Happiness Is a Choice You Make by John Leland

Happiness Is a Choice You Make by John Leland

Author:John Leland
Language: eng
Format: epub
Publisher: Farrar, Straus and Giroux


EIGHT

The Lessons of Ping

“I’m older, I have to make myself feel good.”

We never talk about dying. What’s the use? When you get old you have to die. We go downstairs and play cards. At our age, you should prepare yourself.

—Ping Wong, ninety

Compared with Fred, who had done everything to reach old age financially secure, Ping Wong had almost nothing. She spent her working years earning below minimum wage in a doctor’s office in Chinatown, and retired at close to eighty with no savings, relying on Supplemental Security benefits of just seven hundred dollars a month. Three decades after moving to the United States from Hong Kong, she still spoke only rudimentary English. Her husband and two of her sisters were dead, and her only son had been murdered in a department store in Canton, China. Even after two hip replacement operations, the arthritis in her back and legs made it painful for her to walk.

When I met her in her well-kept apartment near Gramercy Park, she had only one complaint: old people who complained too much.

“People complain about their health, or they say, today I have to see the doctor,” she said. “Many of them are like that. Most of them, to tell you the truth. They think if they complain, others will have pity, but I think it’s the other way around. Who can help you? A little pain—just take it and make yourself stronger. Take a deep breath. Try everything to heal yourself.”

At eighty-nine when we met, she had cobbled together a life that was better than she could have imagined. She had a ridiculously cheap apartment in a ritzy part of town; a home attendant to do all the cooking, cleaning, and shopping, courtesy of Medicaid; food stamps and meals on wheels; and a daily mah-jongg game with fellow Cantonese speakers right in her building’s activities room. For the first time in her life, she had ease and time to herself, with her needs met and no responsibilities toward others. She was never lonely because she always had friends around. Compared with the decades she spent working, raising a family, and nursing her dying husband, she had more financial security and fewer worries. “We’re enjoying our life,” she said. “Though we’re not rich, we live a decent, better life. I can buy what I want, even expensive wool. Before, it was very difficult to get it.”

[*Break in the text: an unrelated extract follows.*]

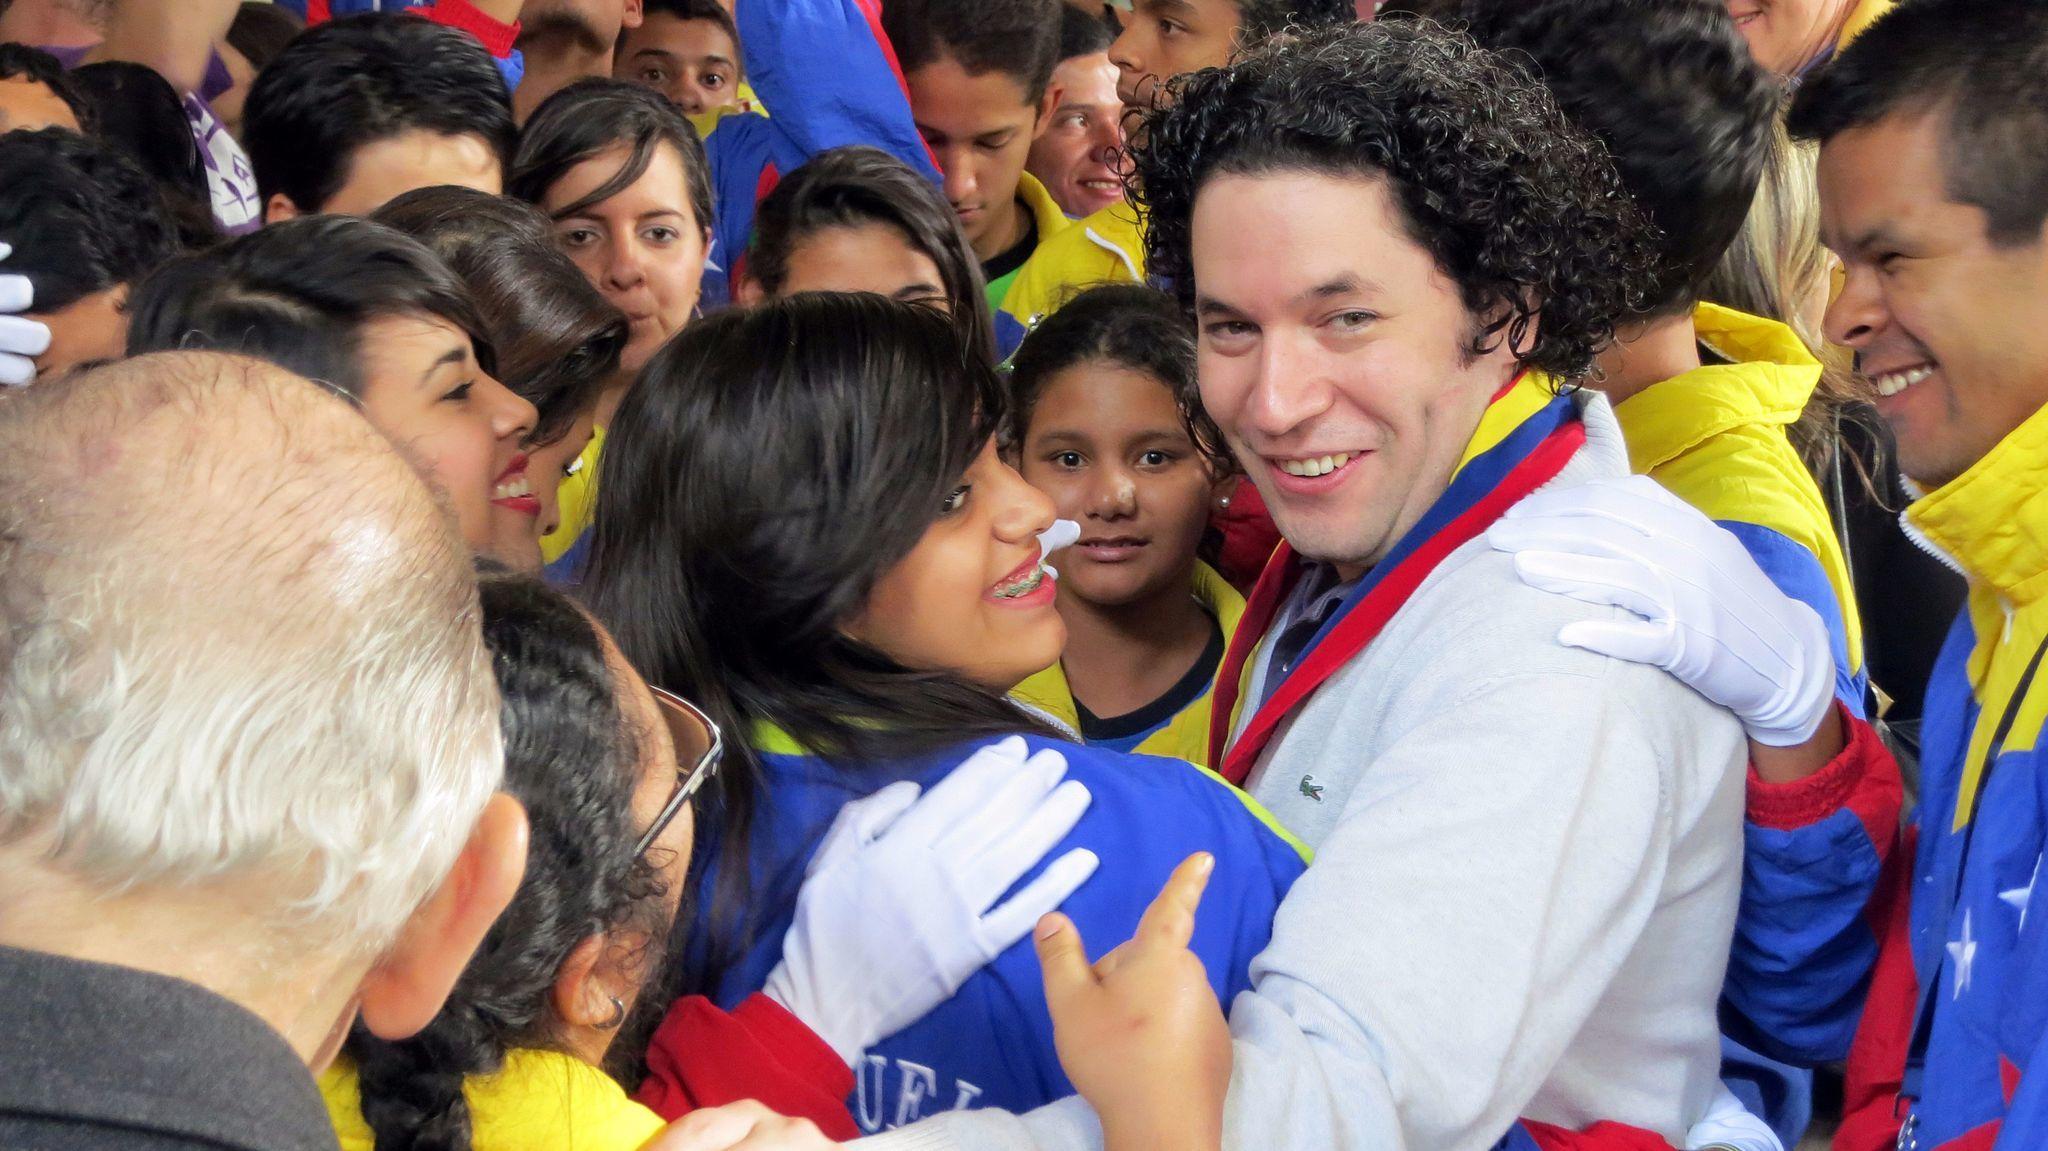 Gustavo Dudamel among students at a 2012 showcase performance of El Sistema students in Caracas, Venezuela. (Mark Swed / Los Angeles Times)

The lessons of Ping began almost as soon as I met her. She seemed to be constantly translating them from one language to the other, pronouncing them one time in Cantonese, another time in English, teasing out different nuances in each. She viewed old age as a life stage like any other, in which “you must try to make yourself as happy as you can.” Everyone will get old, she said. “It’s a kind of experience. You have to keep yourself up all the time. Don’t think of all those miserable things. Think all beautiful things, like when you were young, and how you enjoyed yourself, and like me, my husband, how good he was.